Architecture
Jim Olson

Intuitive & Personal with Jim Olson / Olson Kundig

Jim Olson is the co-founder of Seattle-based firm Olson Kundig Architects. They achieved so many great and one of a kind projects together with Tom Kundig and a grand team full of with architects who are specialized on their fields. The firms existence based on 1966 with the purpose of creating a bridge between nature, culture, histories and people. Through his career for over five decades, he worked in various projects such as museums, commercial spaces, places of worships but he is best known for residential spaces. All of his works come as a fresh eye to modern architecture and surely  they are beyond the time. Apart from a bridge between nature and architecture, his works are so blended to nature and landscape that it almost feels like they have always been there as a part of nature.

The existence of Olson Kundig firm is based on more than five decades, how did your journey start?

In the late 1960s, I started a firm with a colleague of mine,Gordon Walker, which we called Olson Walker.
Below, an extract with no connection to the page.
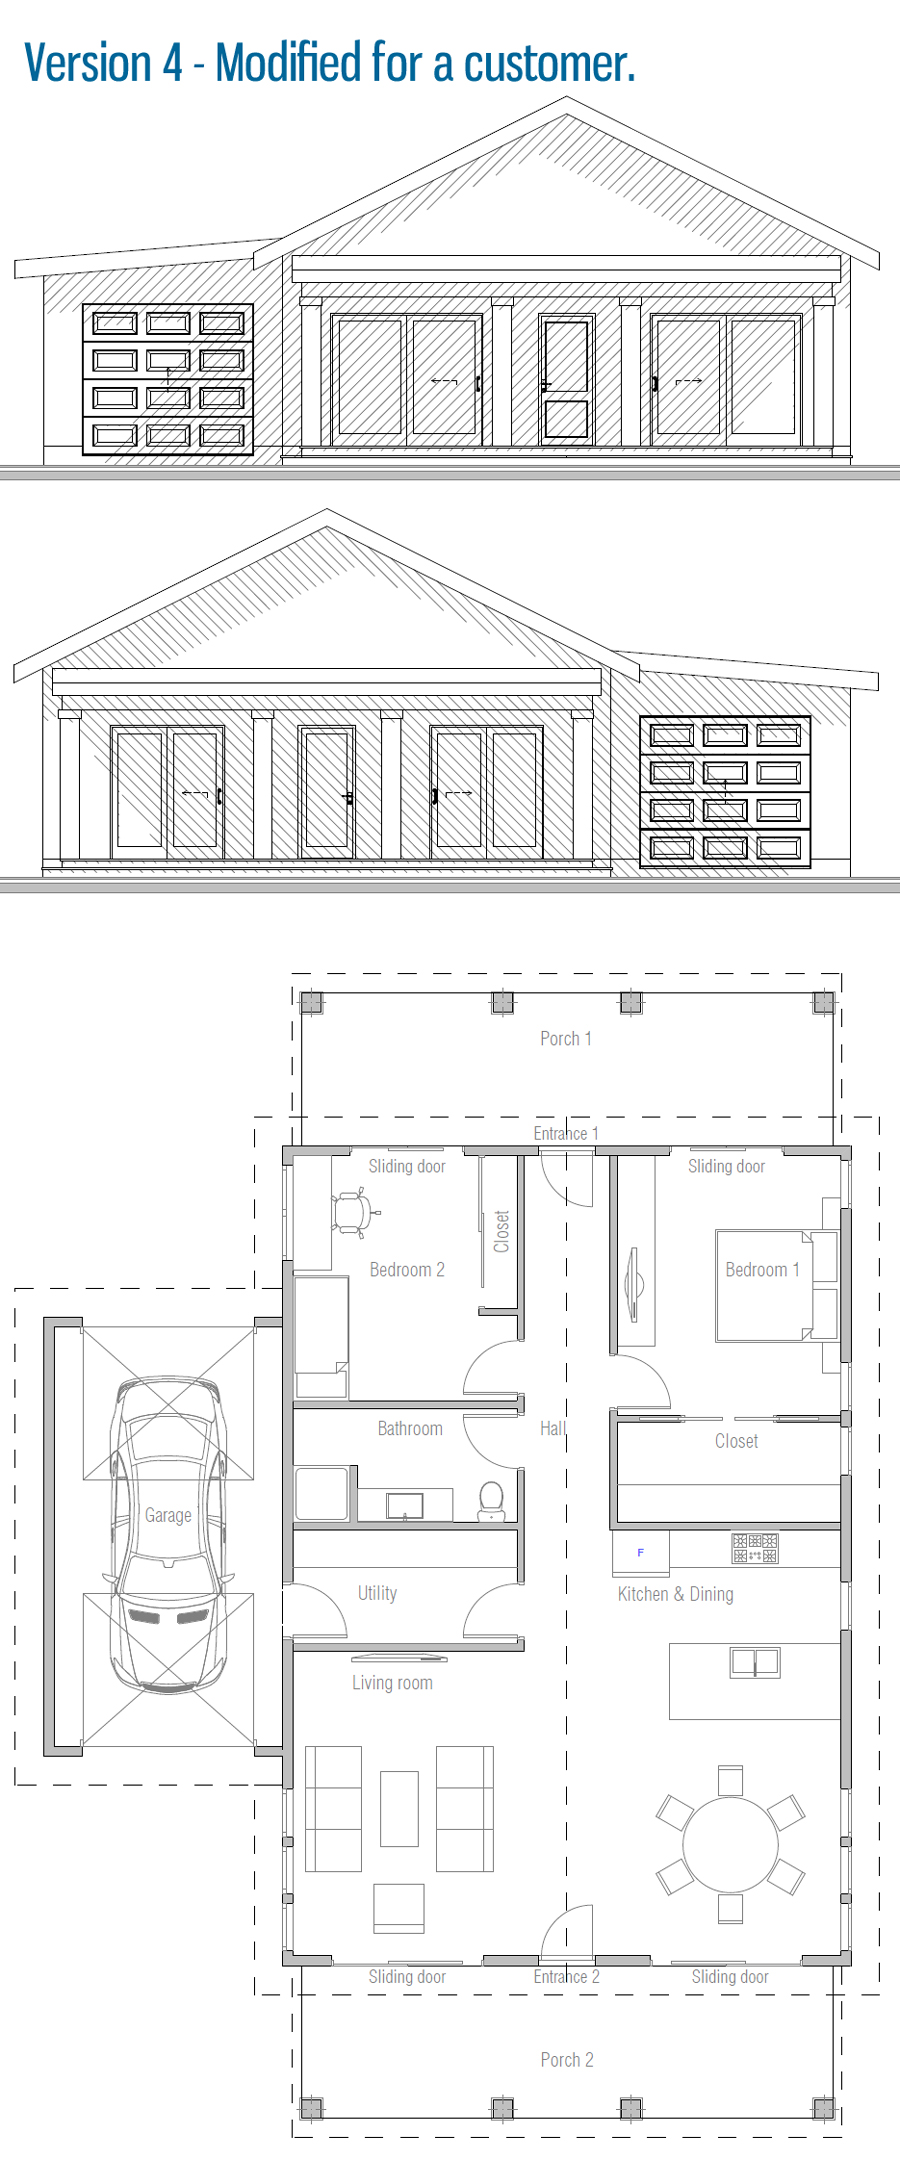 house-plans-2021_40_HOUSE_PLAN_CH673_V4.jpg

We each had a couple of clients who wanted us to design homes for them, and our vision was to fully collaborate on every design. Very soon we realized that equal collaboration made it difficult to make decisions because design is so personal. We adapted our strategy to a system where one of us would be the “design lead” for each project, with the other giving advice. It made each design decision much simpler while still fostering the kind of collaboration we were seeking.

 

Your projects have an amazing integrity, how your ideas inspire each others’ while creating this coherence?
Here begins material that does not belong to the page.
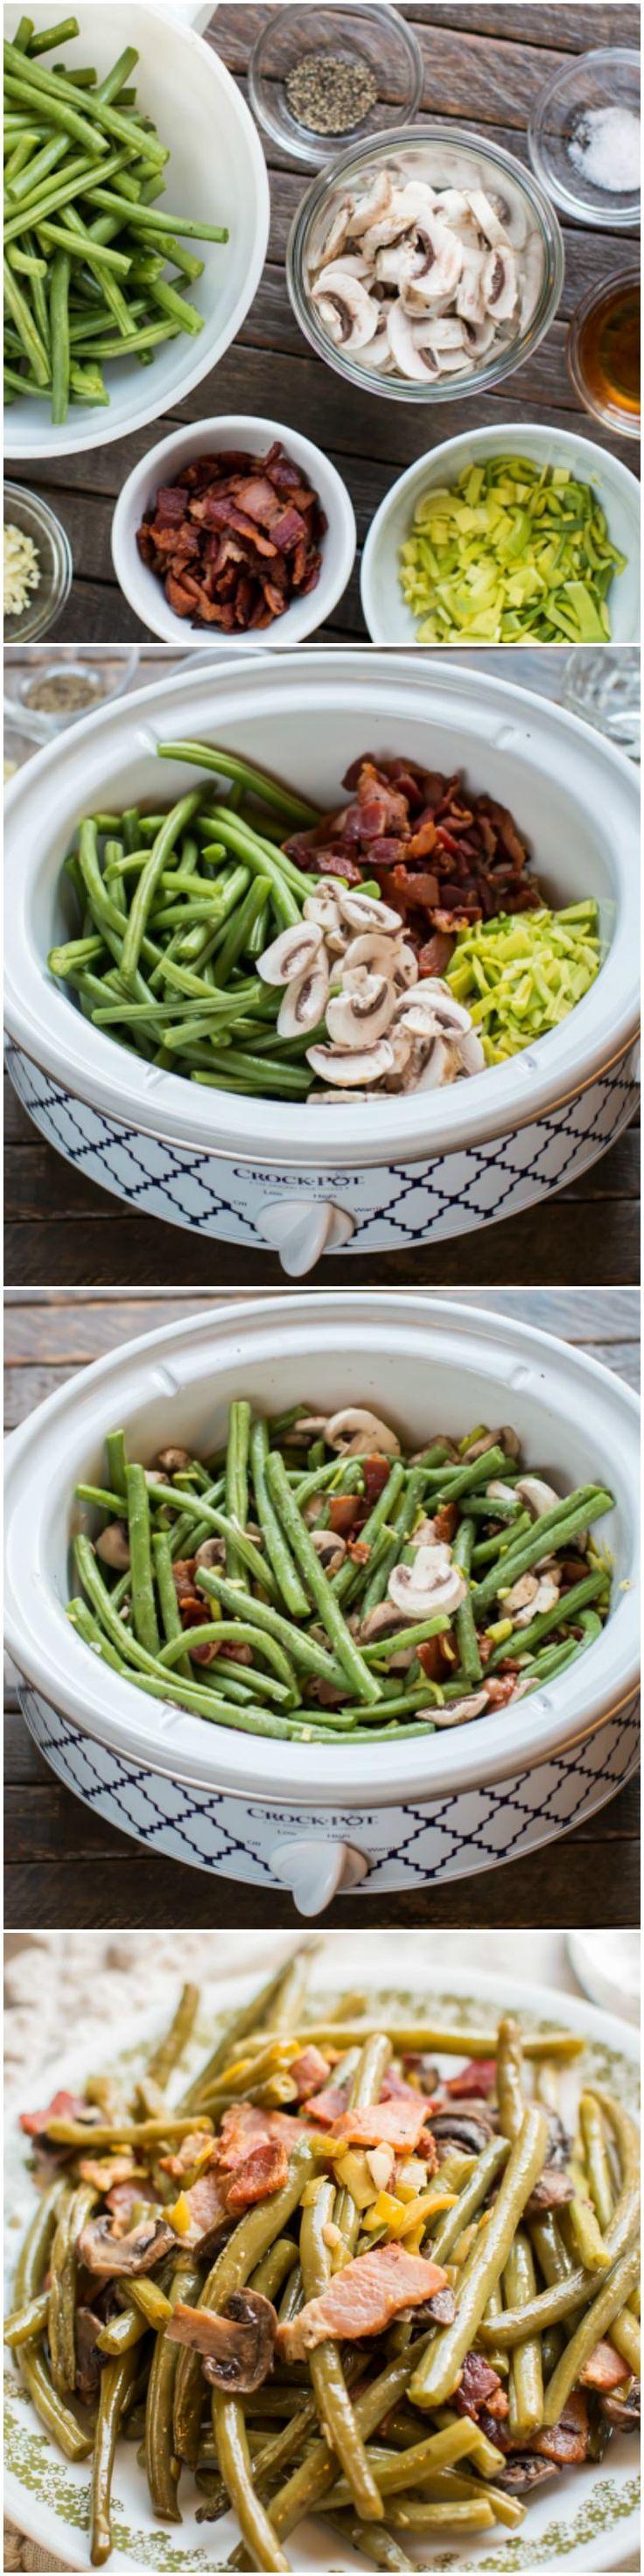 Slow Cooker Holiday Green Beans @crock-pot #CrockPotRecipes #ad

Every design is inspired and informed by the client’s aspirations and opinions, as well as the site, the climate and the culture where we are building. Thus each building is unique from the others because every building’s set of circumstances is unique.

 

The idea of the firm is based on creating a harmony between buildings and nature, what are the things you focus on while choosing a land scape?

Like the building, the landscape design is influenced by the project site and its natural surroundings, as well as the climate, culture and client’s aspirations. My goal for the landscape is that it feels appropriate to its setting, as if it had always been growing there naturally.

 

Many of your projects has made tremendous impact on various countries, which one of them was your biggest accomplishment?
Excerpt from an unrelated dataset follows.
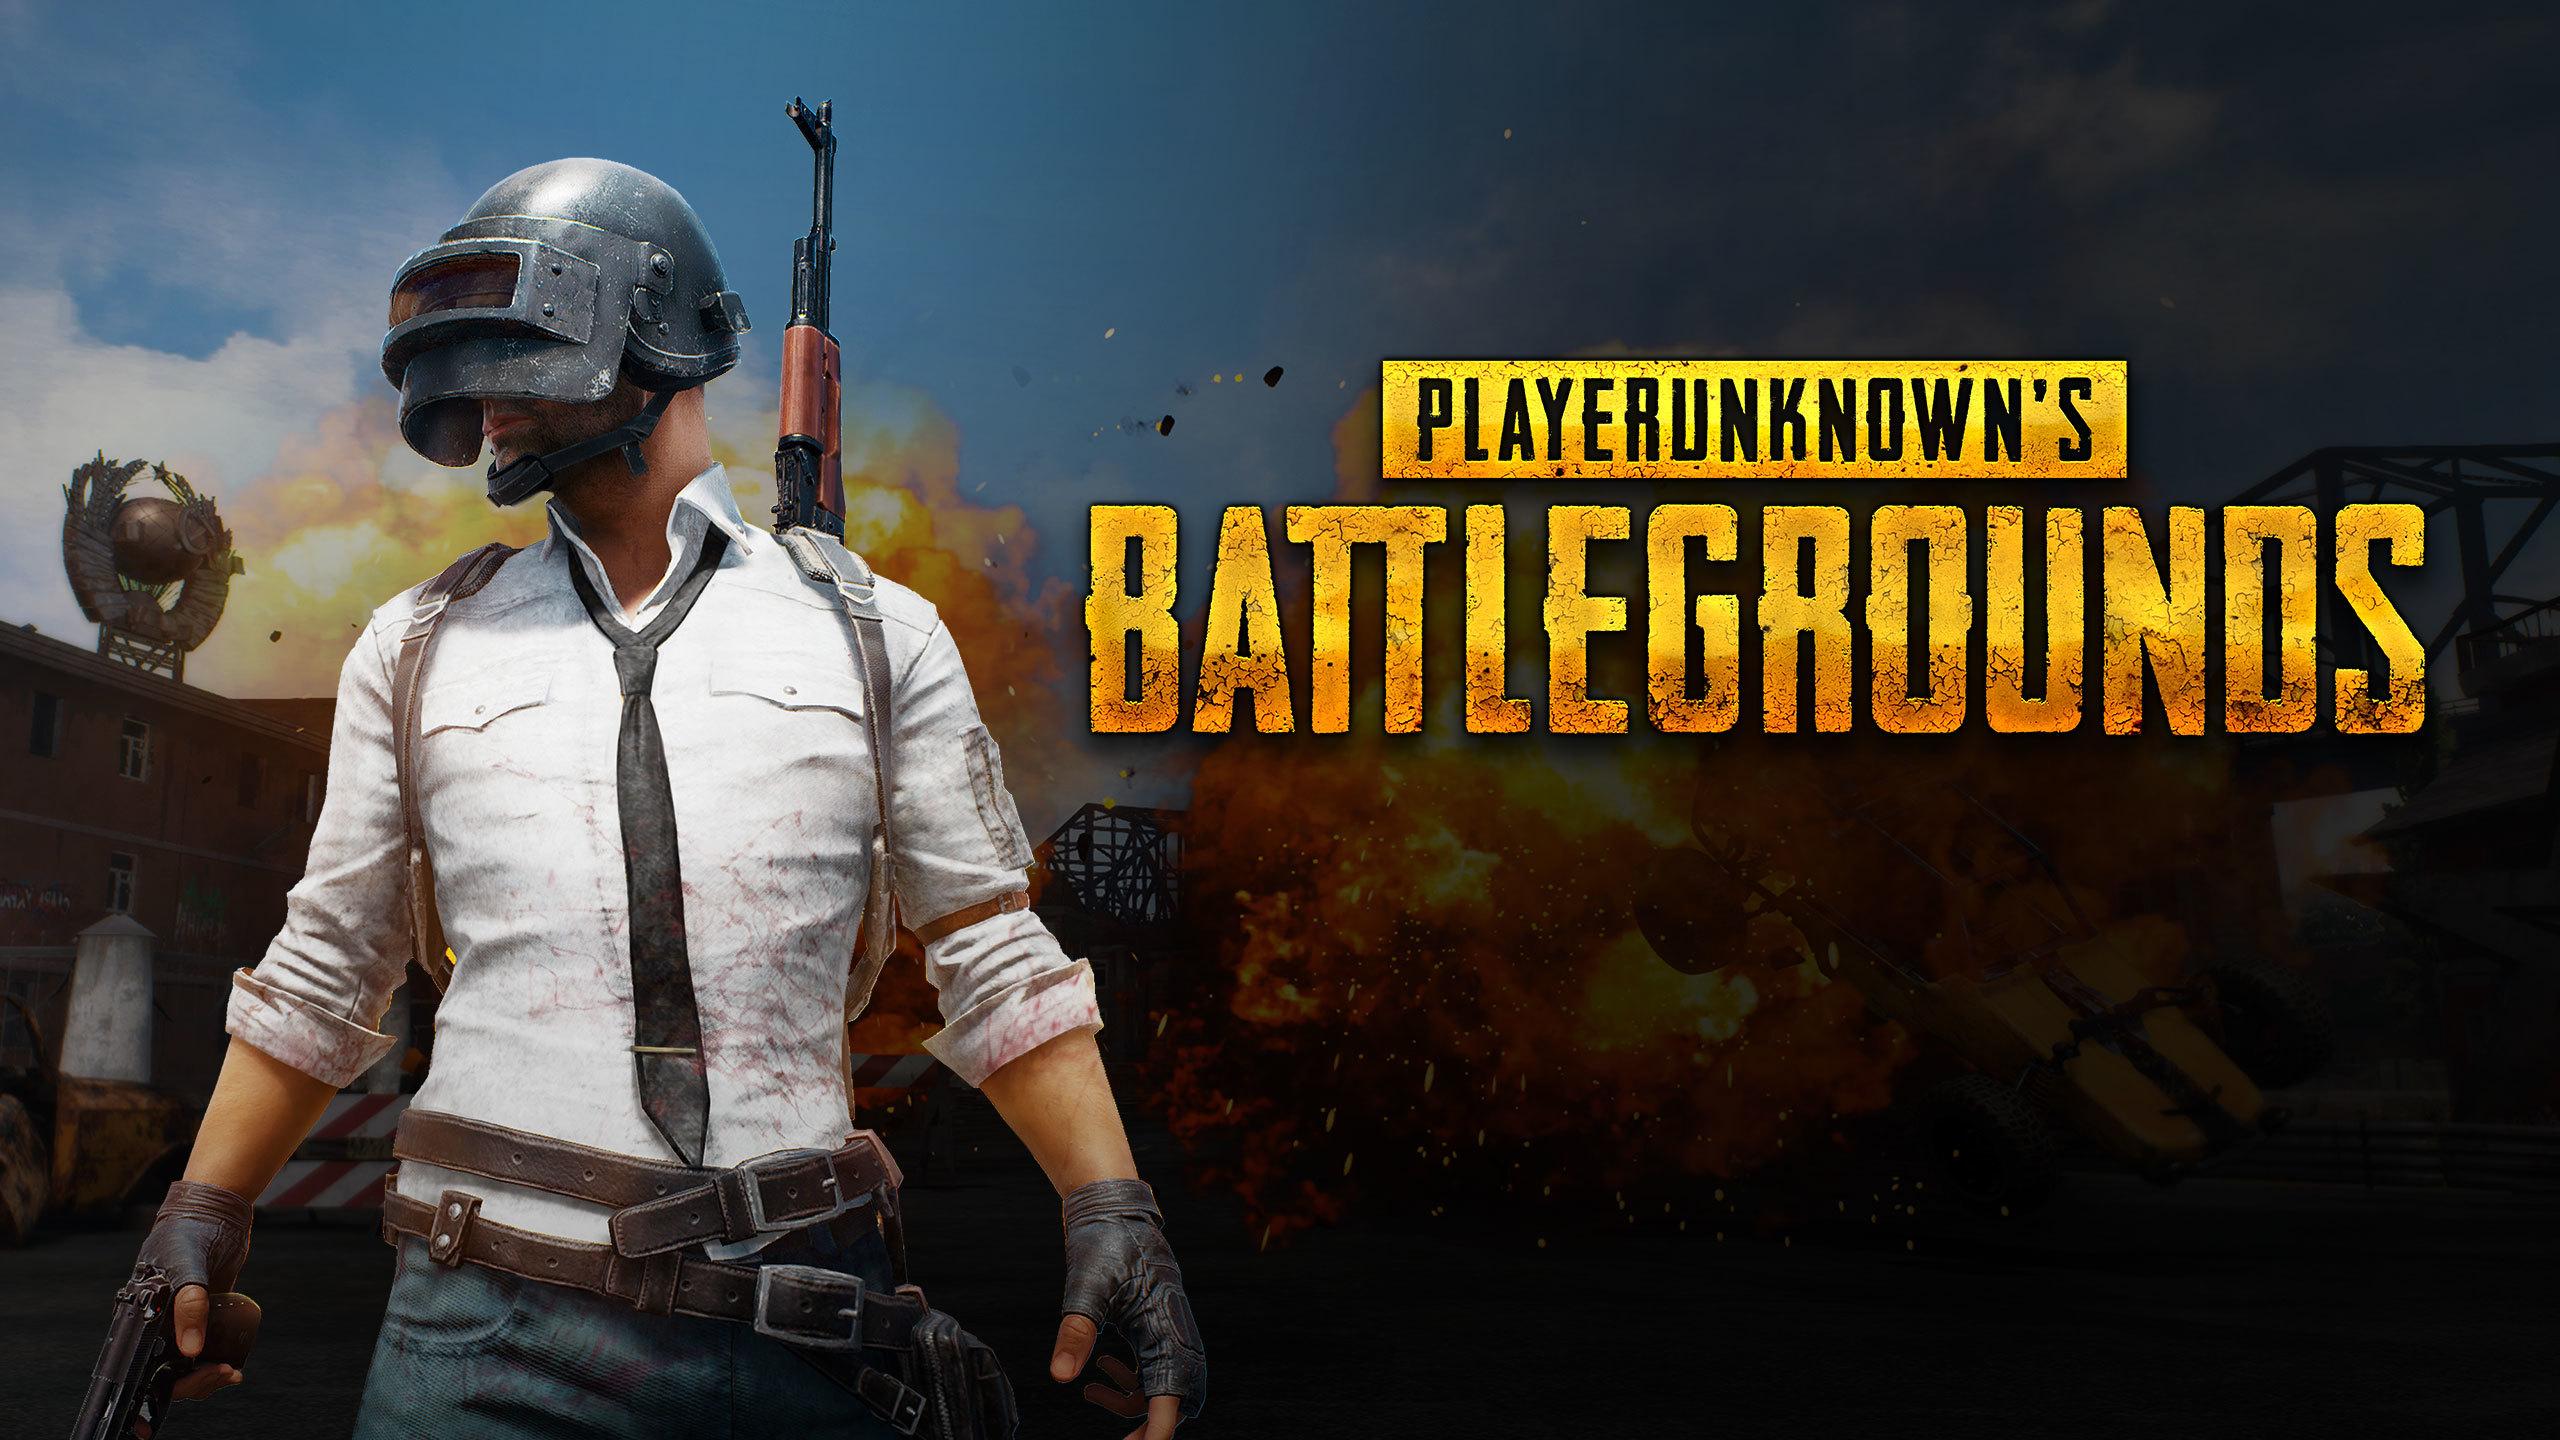 Requisitos de Playerunknown's Battlegrounds

I think the JW Marriott Los Cabos Beach Resort & Spa is my biggest achievement. I had never designed a hotel before, but the client saw my work in one of my books, Jim Olson: Houses, and said, “if you can do these homes, you can do my hotel.” Compared to my typical house, this project was enormous, but I approached it in the same way I would a home – a very large home.

 

Collaborative works are sometimes harder to accomplish but there’s a great cooperation in your firm, what would you suggest to people who start to new collaborations?

Aesthetics are intuitive, personal and subjective, so clear team structure is an important element of collaboration. As I mentioned above, decision-making is much easier if one person is the “design lead” and has the final word in design decisions. Other team members remain deeply engaged and still offer advice and opinions about the design, and the “design lead” synthesizes all of that input and makes the final decision.